My first patch was found on the 25th of July 2012 and on Halloween of that year I took the decision to shave the rest of my hair off (while raising money for Alopecia UK)!
The first few months of my 'alopecia journey' I found incredibly hard. My doctors didn't know very much and I got next to no support from them. I was scared, lonely and had no idea what was going on or what was happening. I eventually found a support network (The Scottish Alopecia Support Group) and I met a few of the ladies through Daniel Regans alopecia project. It was very strange sitting in a room with people who were similar to me, listening to all their different stories. One thing I have learnt is that no alopecia story is the same. Our hair falls out in different patterns and at speeds. Mine for example has been slow, it nearly all fell out then came back in.
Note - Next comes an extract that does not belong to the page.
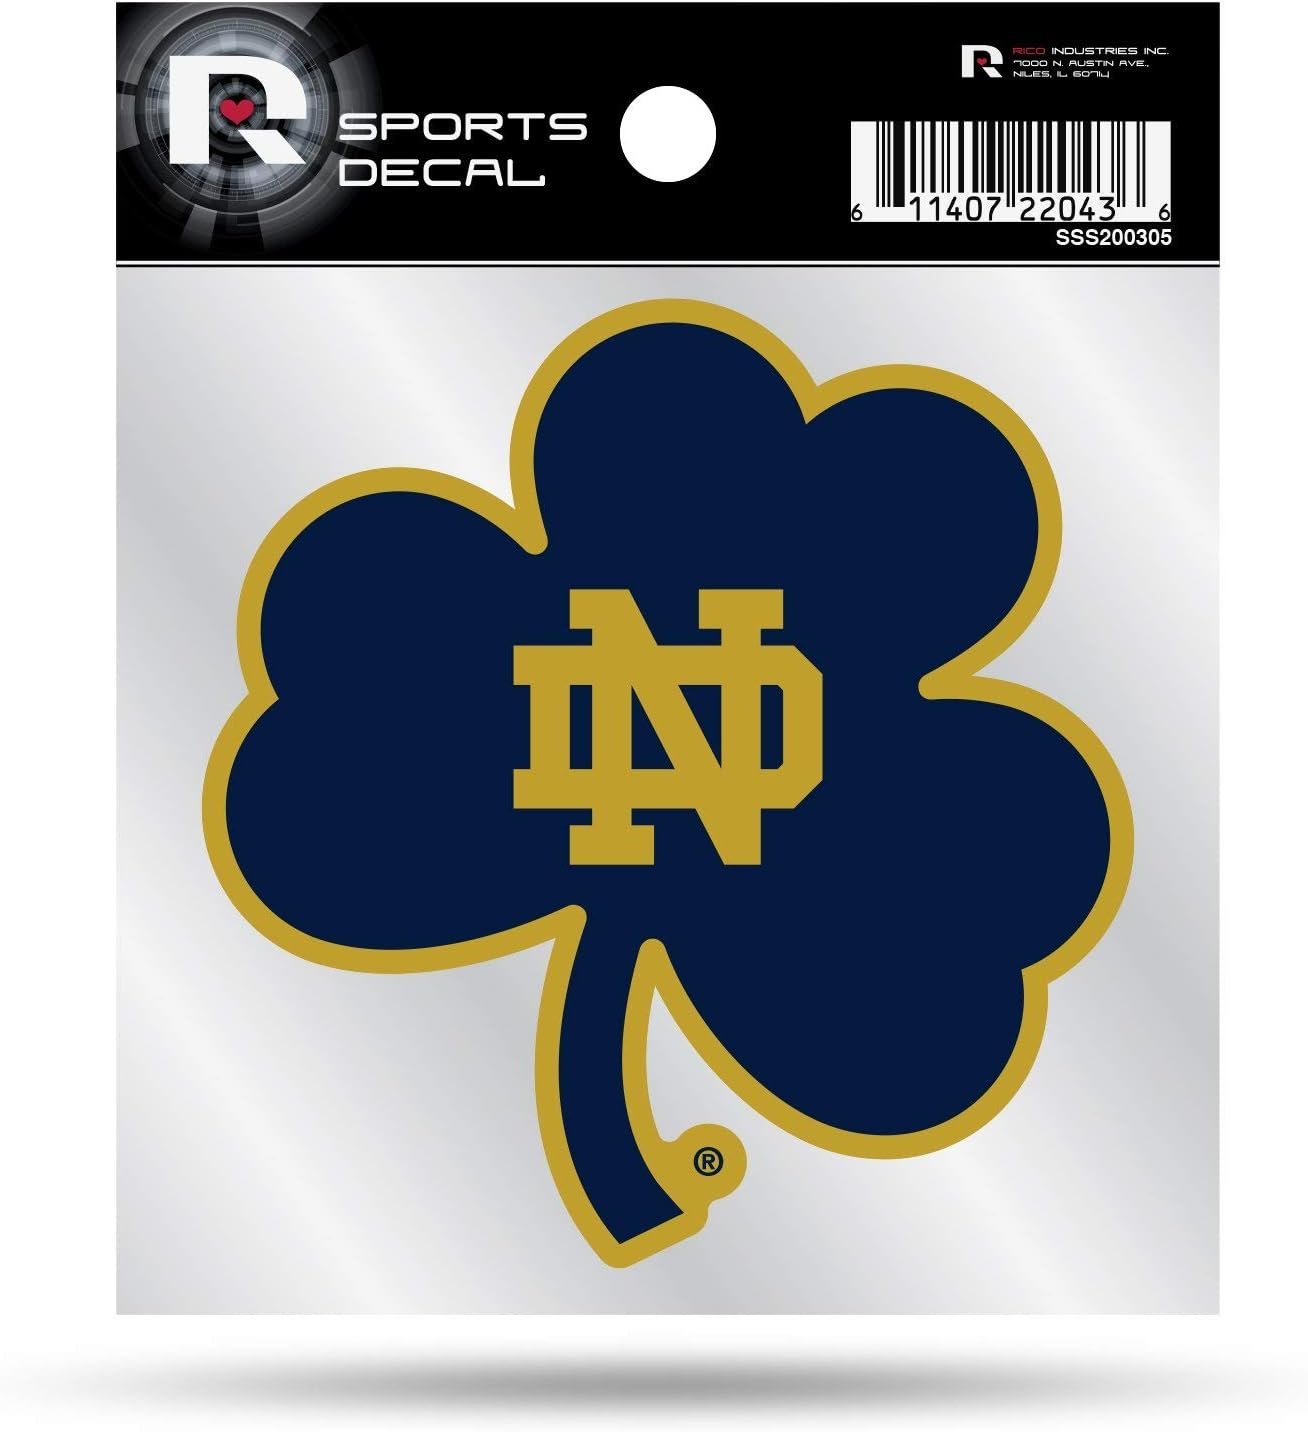 University of Notre Dame Fighting Irish 4x4 Inch Die Cut Decal Sticker, Blue Shamrock Logo, Clear Backing

However a month later I started losing it again along with my body hair.
The first time I properly spent any length of time with people in the same situation as me was when I travelled down to Liverpool to take part in a Flash mob. It was an overwhelming experience, and a strange one too. Spending time with people who understood the fear, the anger, the sadness but also some happiness alopecia can make you feel. After that weekend I left with so much confidence but it wasn't long until that was tested when my right eyebrow started falling out just before Christmas 2013.
I always said since I started losing my hair that I could cope with losing all my hair except my eyelashes/eyebrows. It really took me by surprise as I was told my eyebrows shouldn't be affected, but I managed to get over it with the help of some amazing people around me and I saw the positives of only having one eyebrow. Just as my confidence was on a high again, my left one started coming out in the same pattern. This pushed me to my limits and I started losing every little bit of confidence I managed to gain. I got angry when I couldn't draw them on nicely and ended up in tears nearly every day.
I have slowly built up my confidence and I'm starting to get better at drawing them on but it's such a hassle that I sometimes go without. I have had fair few negative comments in the last 2 years and a lot of people assume I have cancer, one of the worse situations has been when I got offered medicine to make me better. I am starting to understand that alopecia isn't well known and that is why people assume I have cancer. The main reason I have taken part in the calendar is to help raise more awareness and help people understand alopecia. I am proud of who I am and I don't like "hiding" behind wigs but I do understand some people need them and struggle to go out without wearing a wig. We are all different. All cope differently and all have different stories. Alopecia has made me into a better person, I don't know how or why but it has definitely changed me for the better. I have made some fantastic friends along the way and without all the support I wouldn't be as confident as I am.
It's okay to be different and it's okay to be yourself. It's just having the confidence to stand up and say "I am different" with a smile.